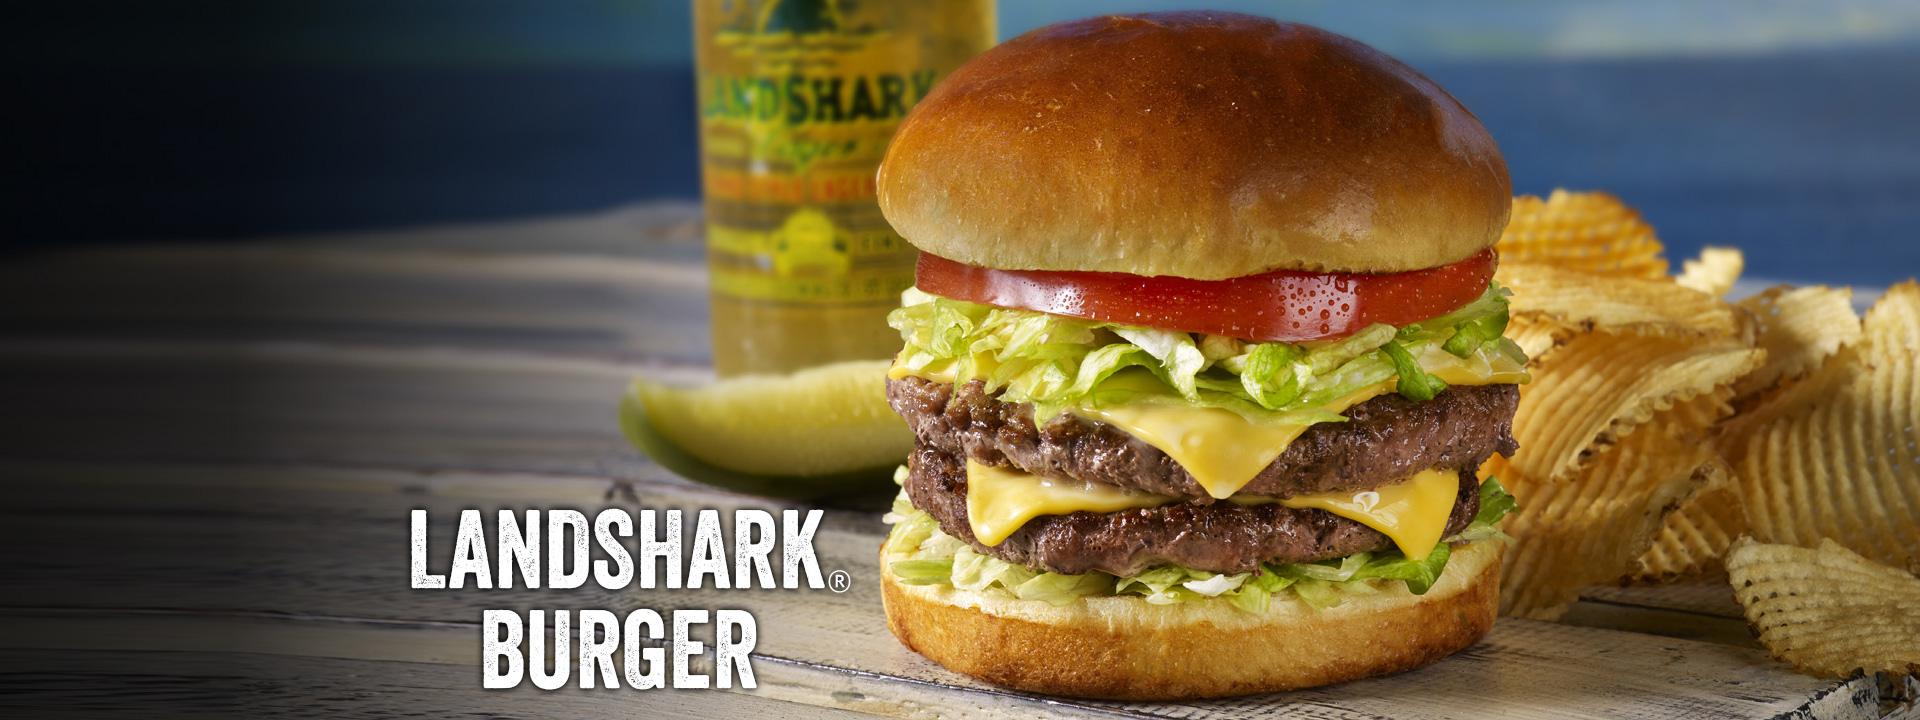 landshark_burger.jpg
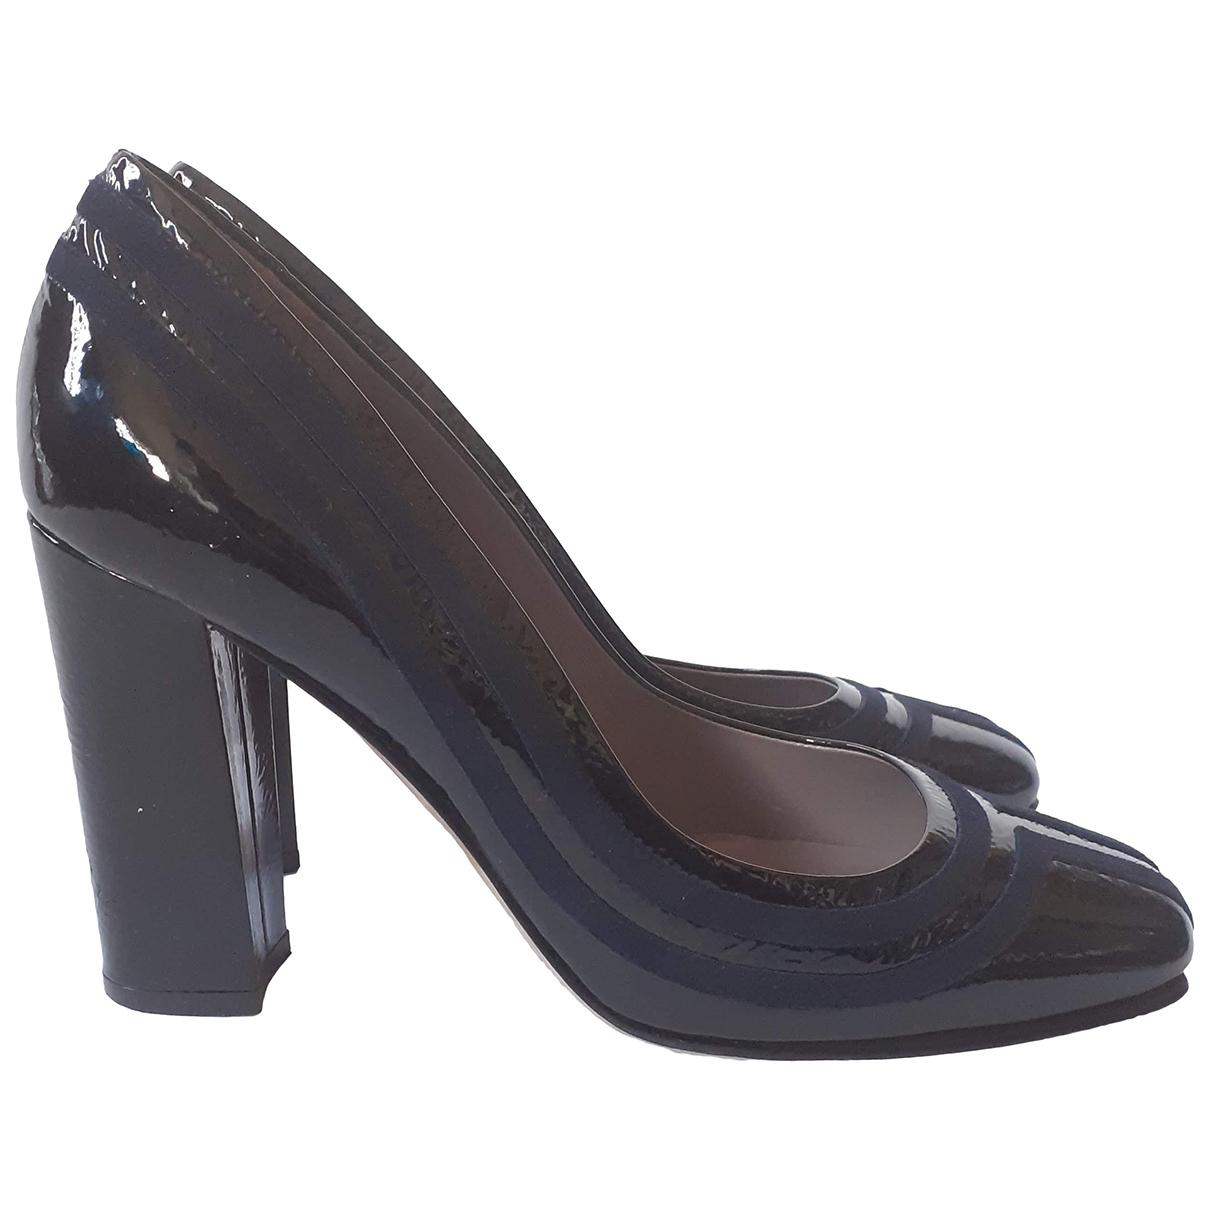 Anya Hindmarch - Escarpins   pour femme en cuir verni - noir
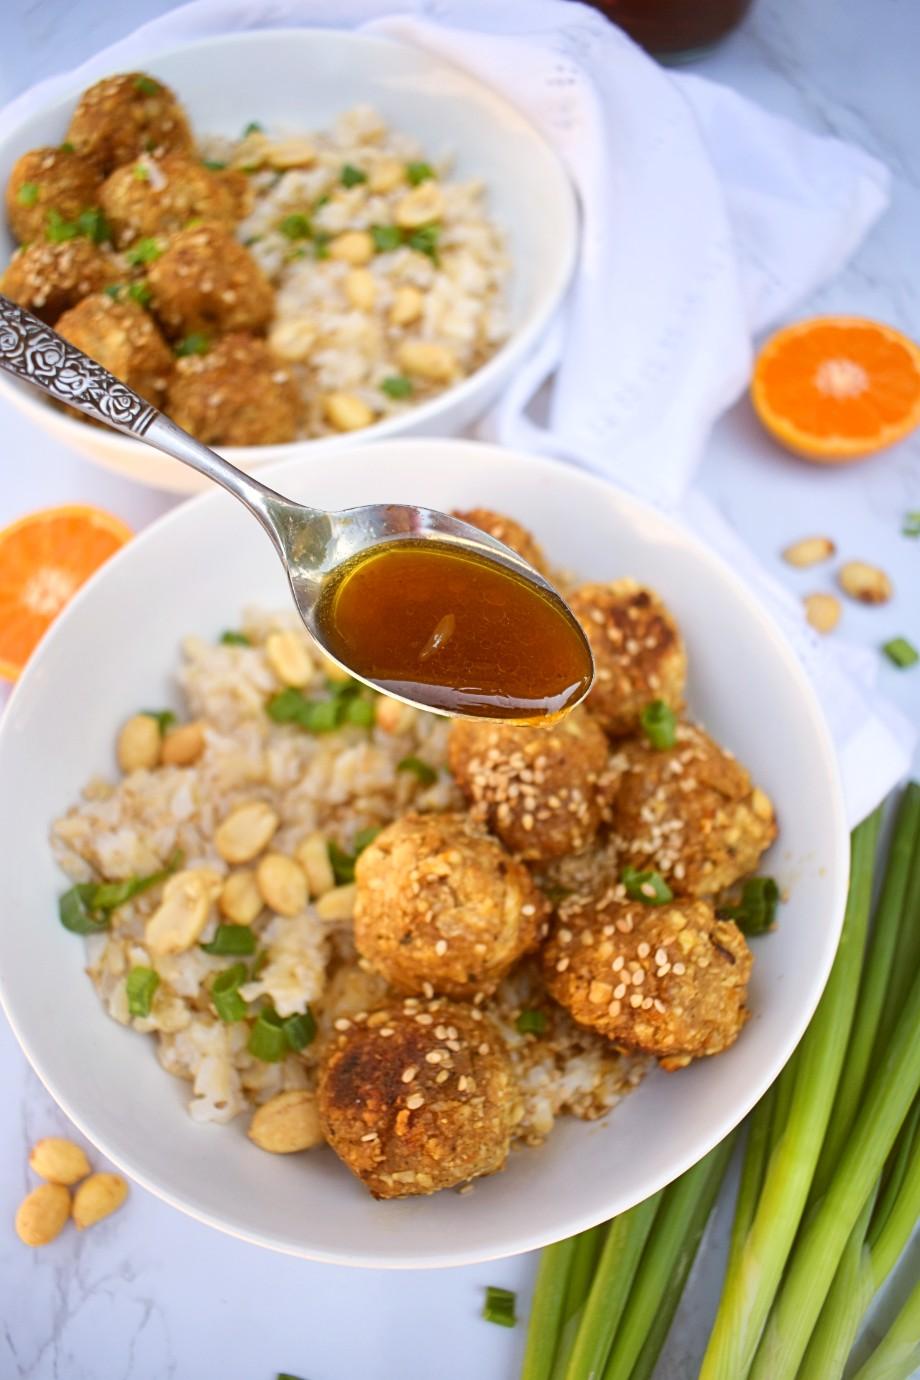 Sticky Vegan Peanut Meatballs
---
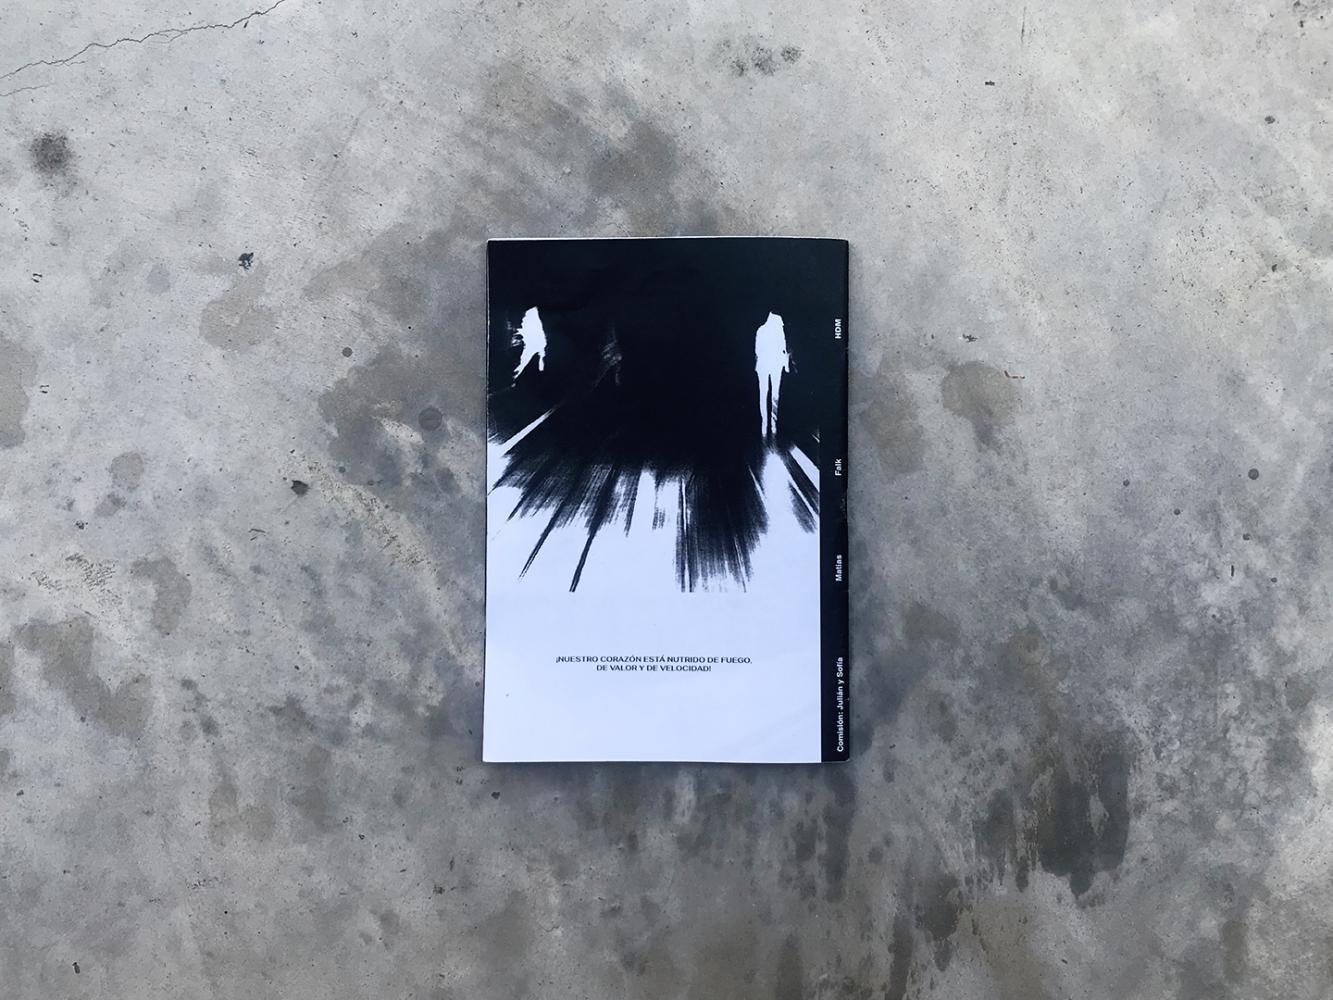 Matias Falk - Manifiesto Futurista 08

• [Your instructions]
Copy out the listing above from the line containing "Anya Hindmarch - Escarpins" to the line containing "Sticky Vegan Peanut Meatballs", both included, exactly as written and minus the images.

• [Answer box]
 Anya Hindmarch - Escarpins   pour femme en cuir verni - noir
 Sticky Vegan Peanut Meatballs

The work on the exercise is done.